Exercise goal
The result should be the full listing copied exactly, with no pictures in it.

Provided data
--------------------------------------------------
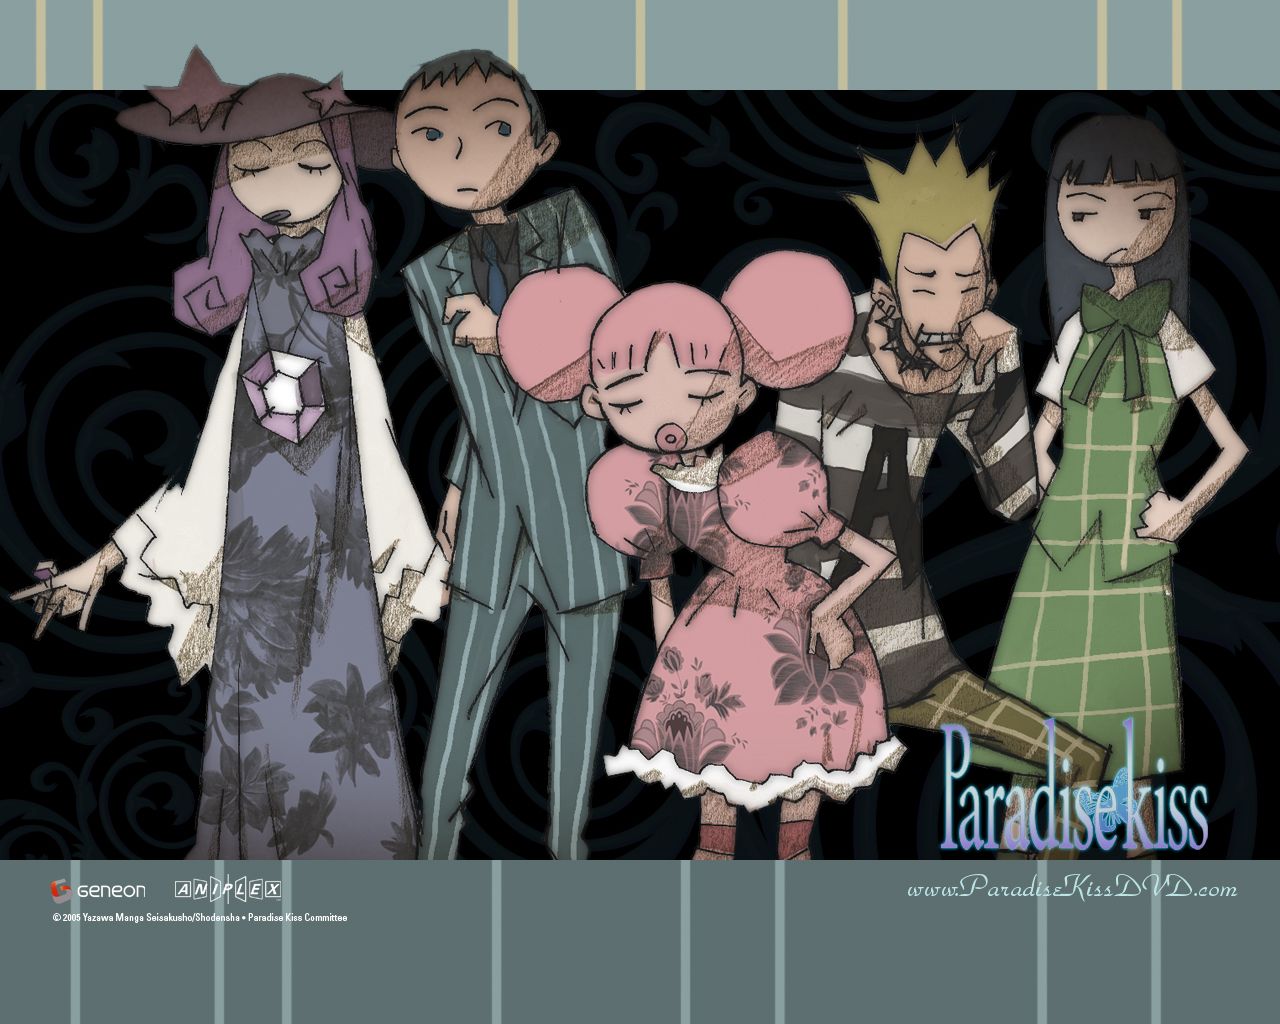 Paradise Kiss Backgrounds on Wallpapers Vista
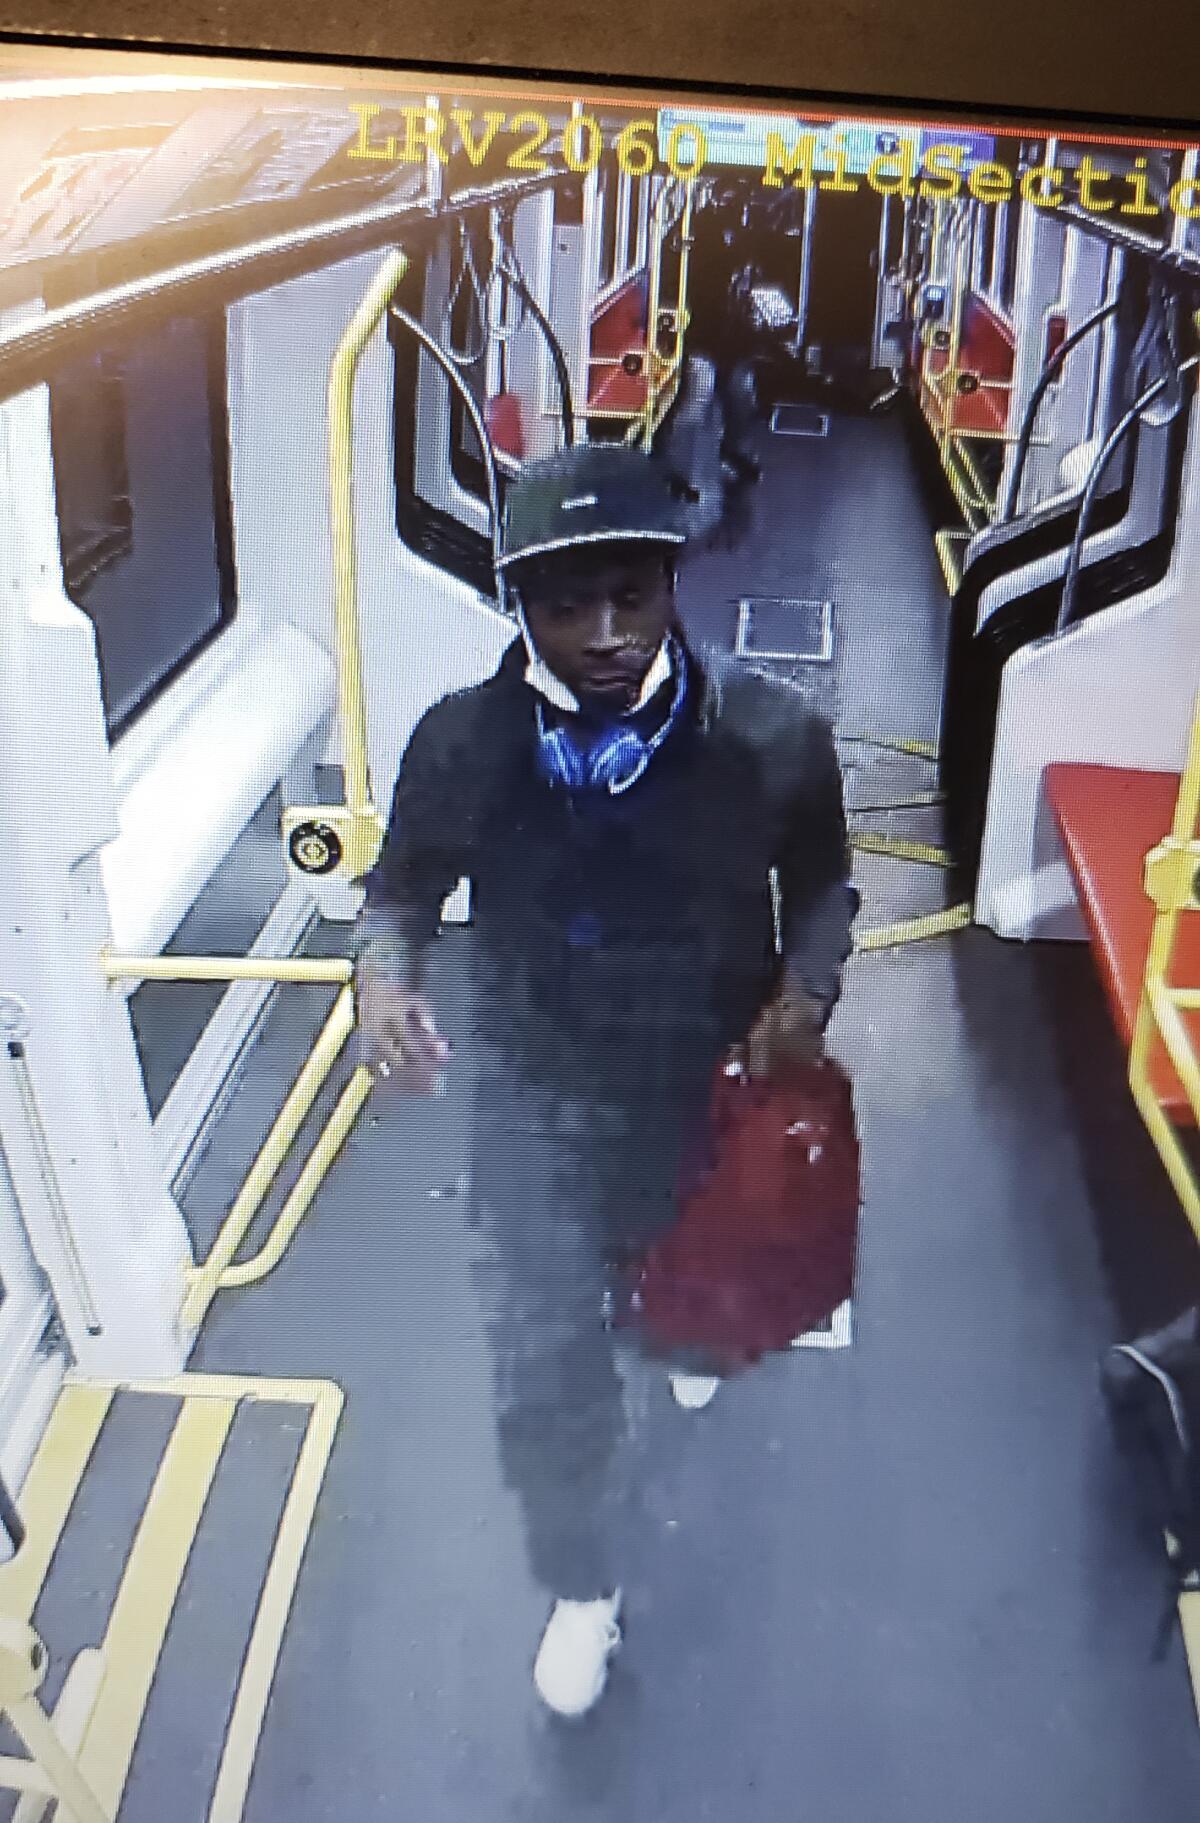 FILE - In this image from video released by the San Francisco Police Department is person of interest Javon Green following a shooting on a Muni Metro train in San Francisco, Wednesday, June 22, 2022. San Francisco police say Green, who allegedly shot and killed a 27-year-old man and wounded a 70-year-old man on a San Francisco subway commuter train, has been arrested Thursday, June 23, 2022, in Pittsburg, a city about 40 miles (64 kilometers) east of San Francisco. (San Francisco Police Department via AP, File)
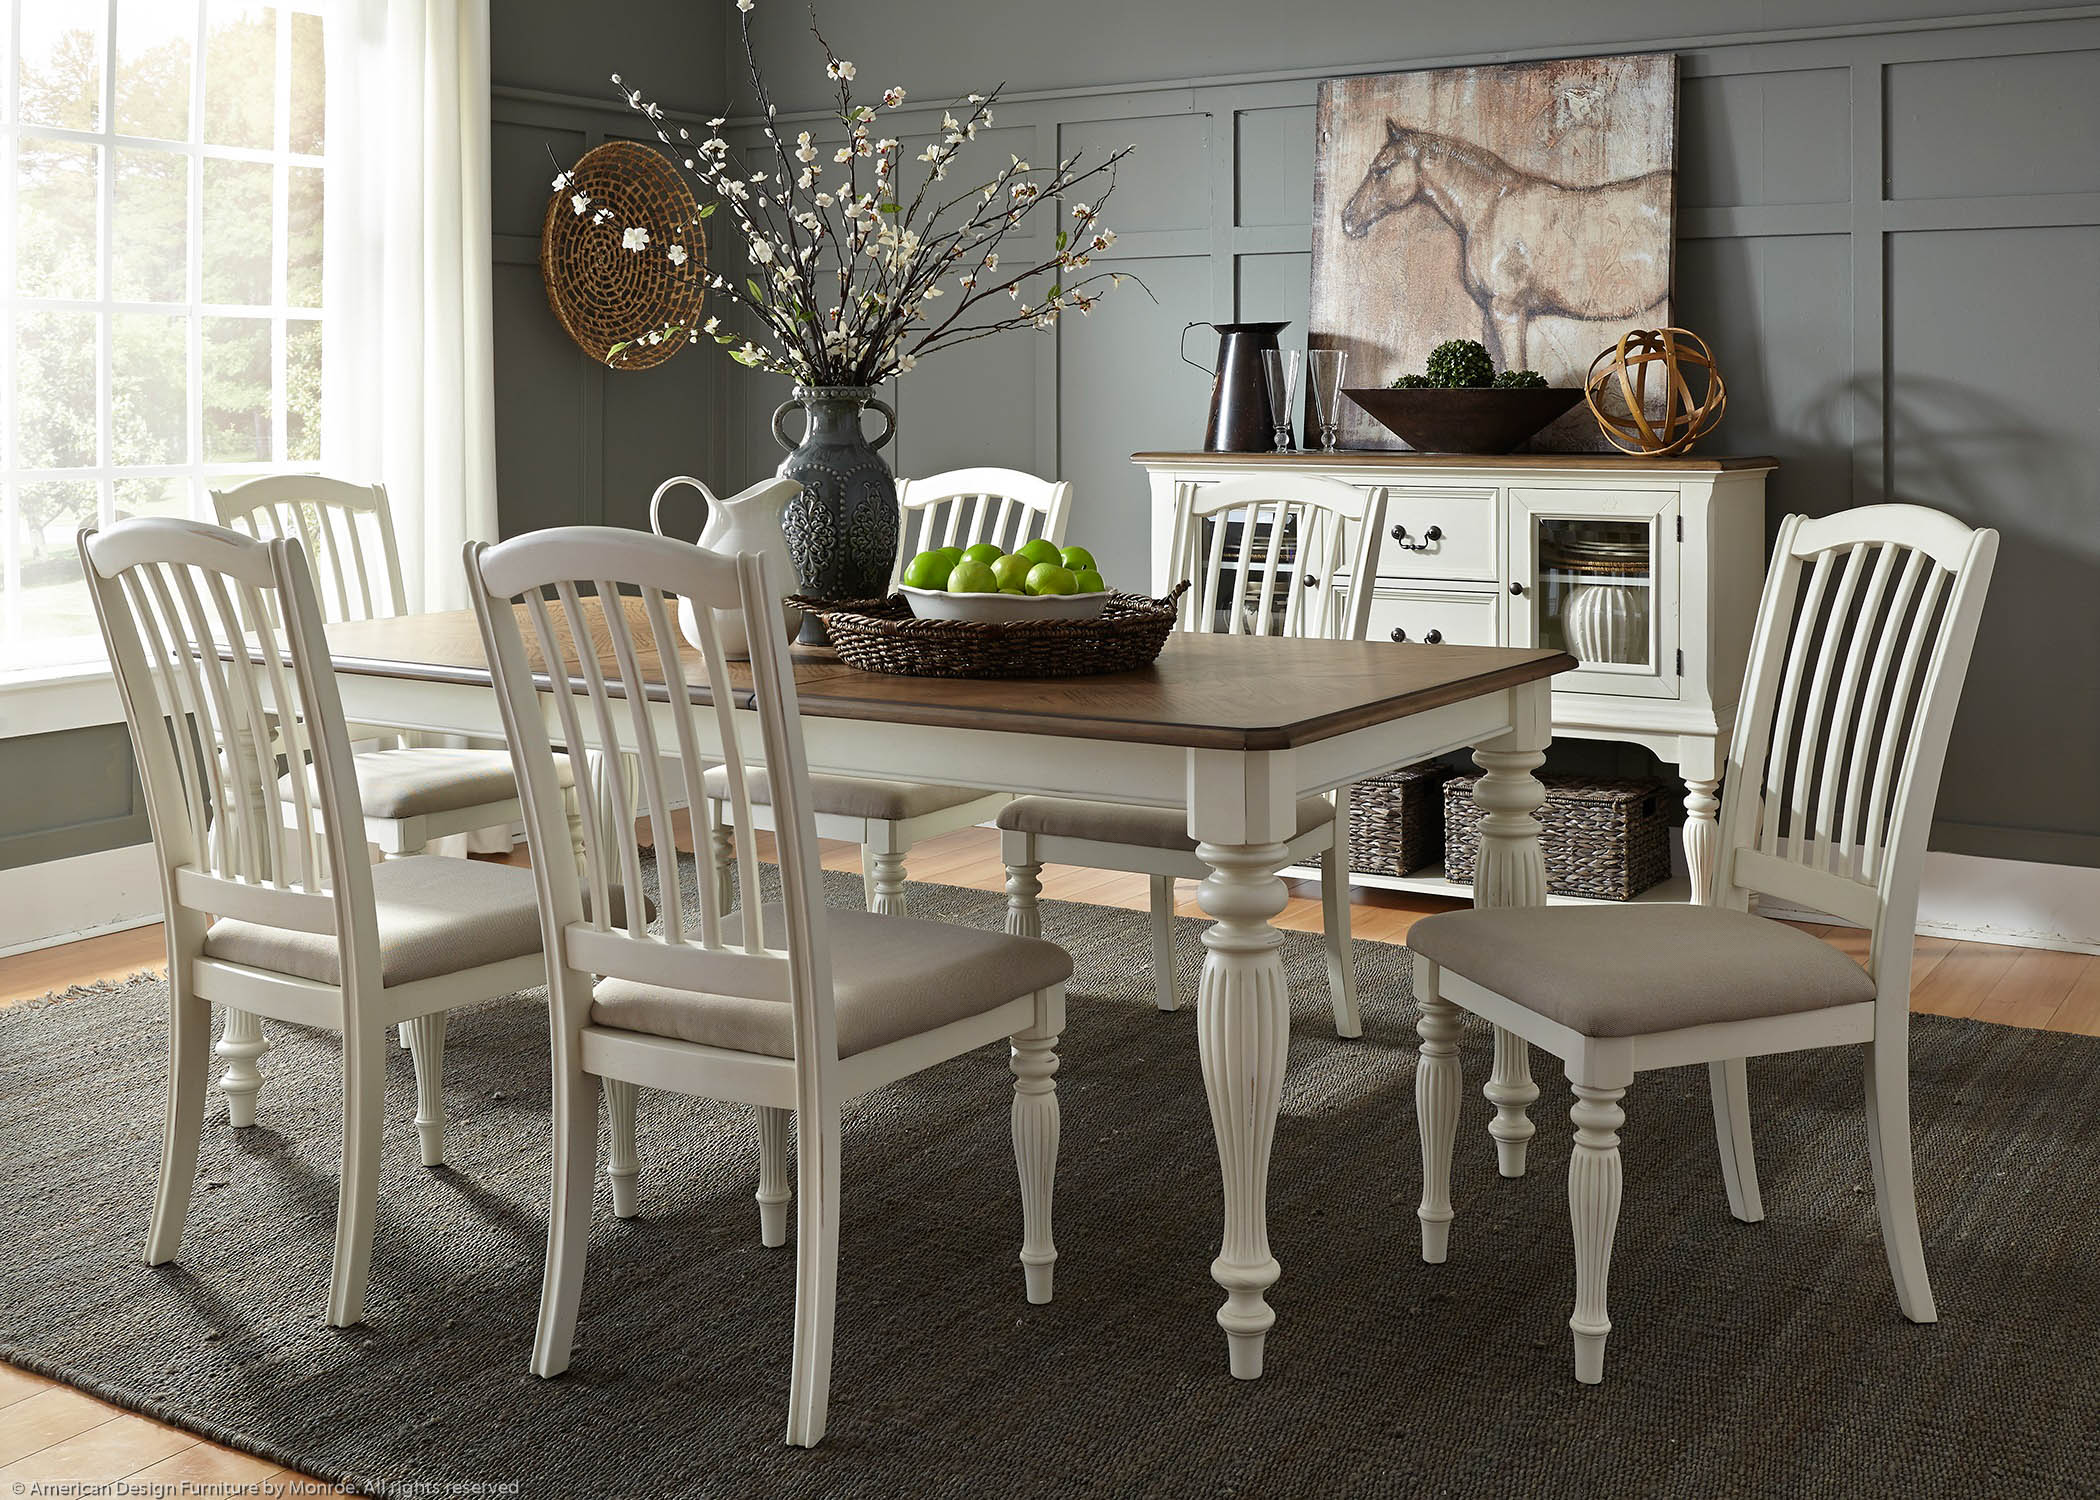 American Design Furniture by Monroe - Windy Hill Dining Set
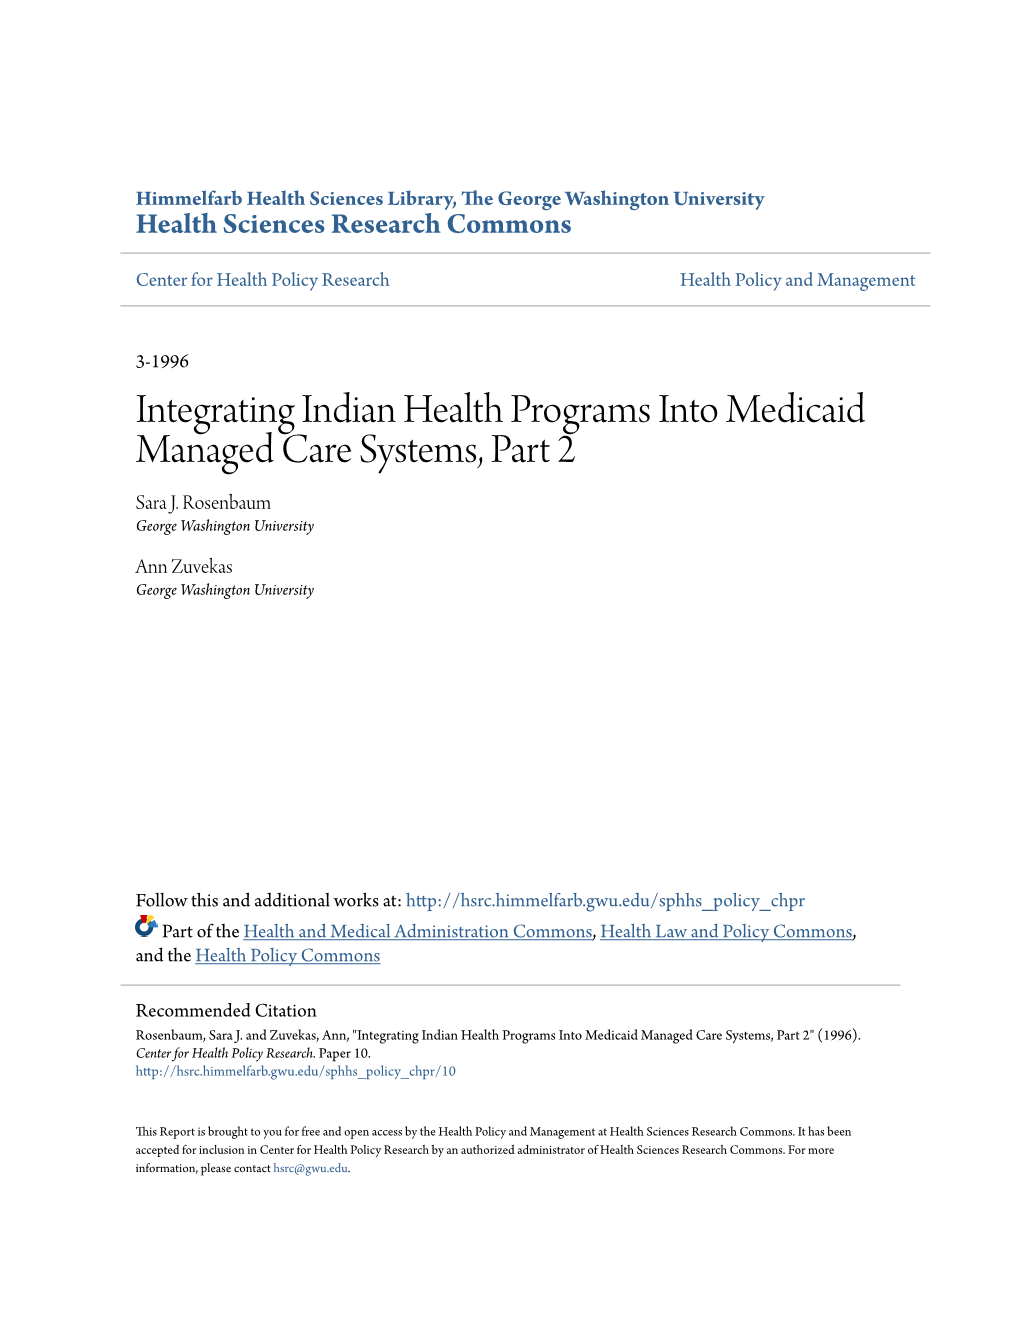 Integrating Indian Health Programs Into Medicaid Managed Care Systems, Part 2 Sara J
--------------------------------------------------
Exercise solution
 Paradise Kiss Backgrounds on Wallpapers Vista
 FILE - In this image from video released by the San Francisco Police Department is person of interest Javon Green following a shooting on a Muni Metro train in San Francisco, Wednesday, June 22, 2022. San Francisco police say Green, who allegedly shot and killed a 27-year-old man and wounded a 70-year-old man on a San Francisco subway commuter train, has been arrested Thursday, June 23, 2022, in Pittsburg, a city about 40 miles (64 kilometers) east of San Francisco. (San Francisco Police Department via AP, File)
 American Design Furniture by Monroe - Windy Hill Dining Set
 Integrating Indian Health Programs Into Medicaid Managed Care Systems, Part 2 Sara J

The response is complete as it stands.